Pandora's Cluster of galaxies
Behind Pandora's Cluster (Abell 2744), imaged here by the James Webb Space Telescope, are eight background galaxies hailing from the early universe.

An international team of astronomers has used the James Webb Space Telescope to make the first spectroscopic observations of the faintest galaxies present during the universe’s first billion years. The results offer vital clues toward solving a mystery in the early years of the universe.

For the first few hundred million years after the Big Bang, the universe was a thick soup of hydrogen fog with no stars to illuminate it. This period is known as the cosmic dark ages. The fog is thought to have eventually cleared when radiation ripped hydrogen atoms apart, a process known as reionization. But debate remained as to whether this reionizing radiation came solely from the first stars that lit up the earliest galaxies or whether material falling onto supermassive black holes also played a significant role.

A team of astronomers led by Hakim Atek (Sorbonne University, France) used the James Webb Space Telescope to peer at extremely faint dwarf galaxies in the early universe. These distant galaxies wouldn’t normally be visible — even to Webb’s powerful capabilities — but astronomers received a helping hand from the gravity of Pandora’s Cluster, a car crash of galaxies 4 billion light-years away. The cluster’s immense mass magnified the more distant galaxies’ light. The team's findings are published in the February 28th Nature.

Atek’s team was able to study eight early galaxies in total, taking both images and spectroscopic data with Webb's Near-InfraRed Spectrograph (NIRSpec). The stand-out finding is that the galaxies produced four times more ultraviolet radiation than astronomers had derived from previous scenarios.

“Despite their tiny size, these low-mass galaxies are prolific producers of energetic radiation, and their abundance during this period is so substantial that their collective influence can transform the entire state of the Universe,” Atek says.

“They produce ionizing photons that transform neutral hydrogen into ionized plasma during cosmic reionisation,” adds team member Iryna Chemerynska (also at Sorbonne).  

“It’s fantastic to see the pieces fitting together, and pointing squarely at tiny galaxies as the culprits,” says Sean McGee (University of Birmingham, UK), who was not involved in the research.

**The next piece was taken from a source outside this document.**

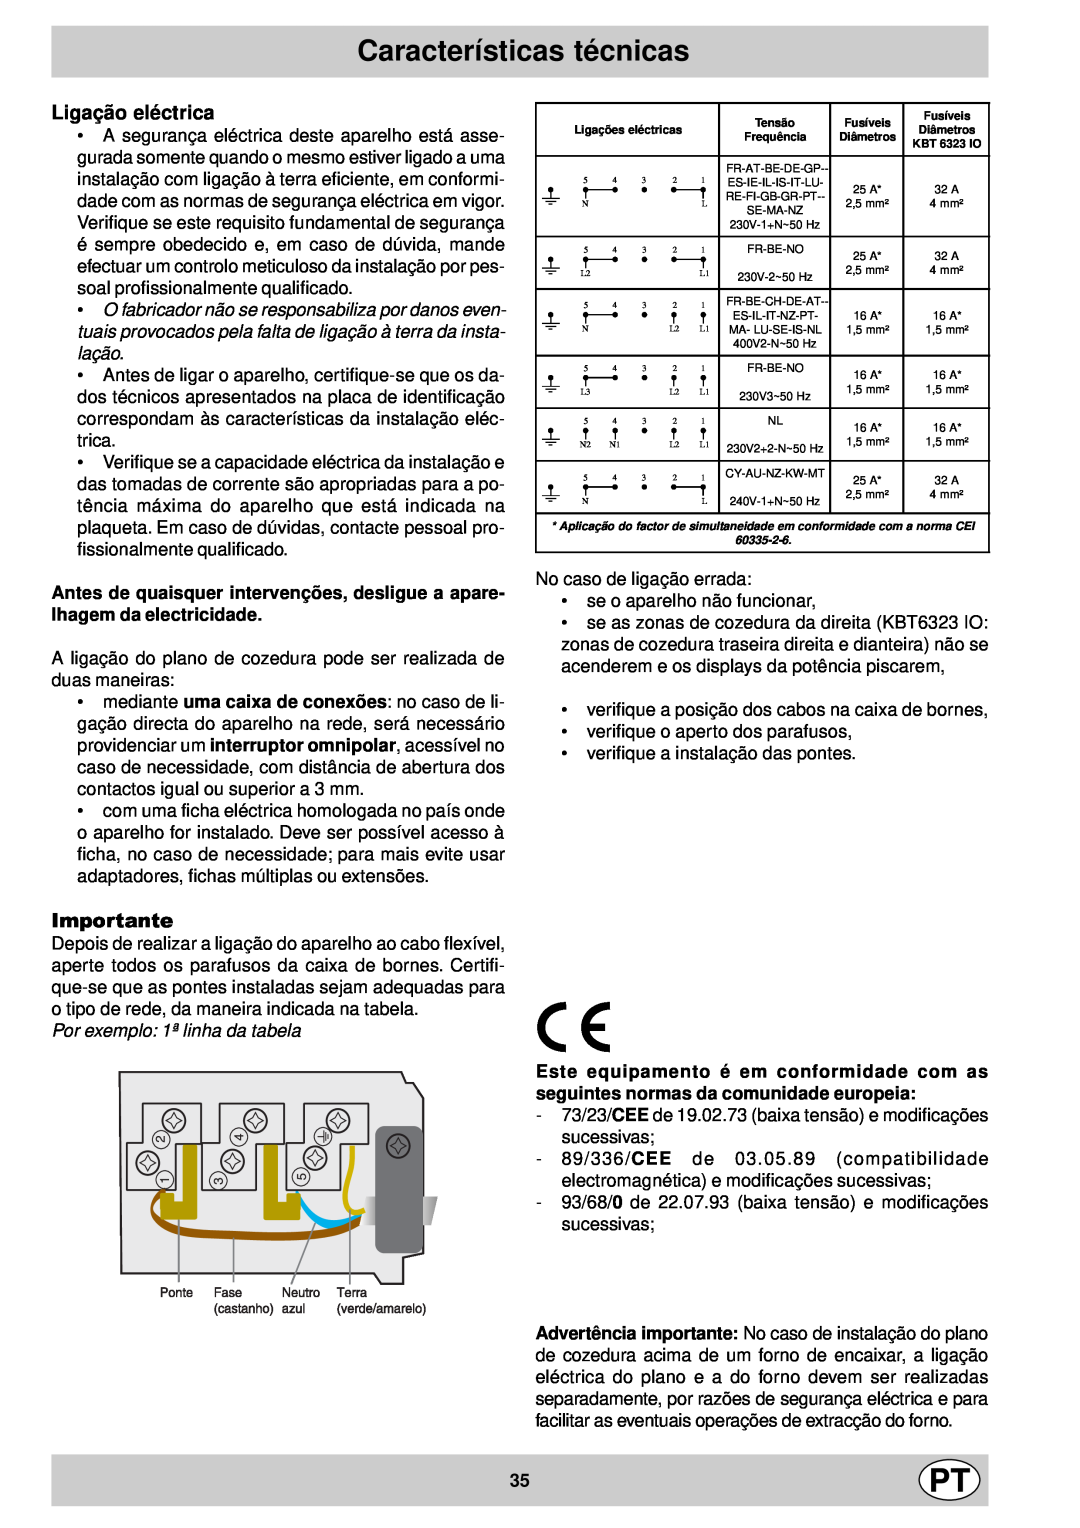 Indesit mk 64 r manual Características técnicas, Ligação eléctrica, Por exemplo 1ª linha da tabela, Importante

Astronomers have long suspected that such galaxies helped light up the early universe, but McGee adds that “this was becoming more debatable recently as JWST has been finding more AGN than previously expected.” Now, the new JWST data on these tiny galaxies puts them back in the limelight.

“It had been an assumption that . . . these small galaxies would play an important role, but it’s very satisfying to see it directly,” McGee says. “It wouldn't have been possible without JWST.”

The next step is an upcoming Webb observing program named GLIMPSE. Astronomers will target another massive galaxy cluster — Abell S1063 — in order to see even fainter galaxies behind it in the early universe. This will allow them to verify whether the dwarf galaxies in the current study are typical of the large-scale distribution of galaxies.

McGee also notes the importance of the upcoming Square Kilometer Array (SKA). “We will be able to map out exactly where the universe hasn’t been reionized,” he says. If the findings of Atek's teams are right, we should only find neutral hydrogen — which gives out a distinctive radio signal at 21 centimetres — far from dwarf galaxies. “The lack of a radio signal around the tiny galaxies will be like the dog who didn’t bark in the night.”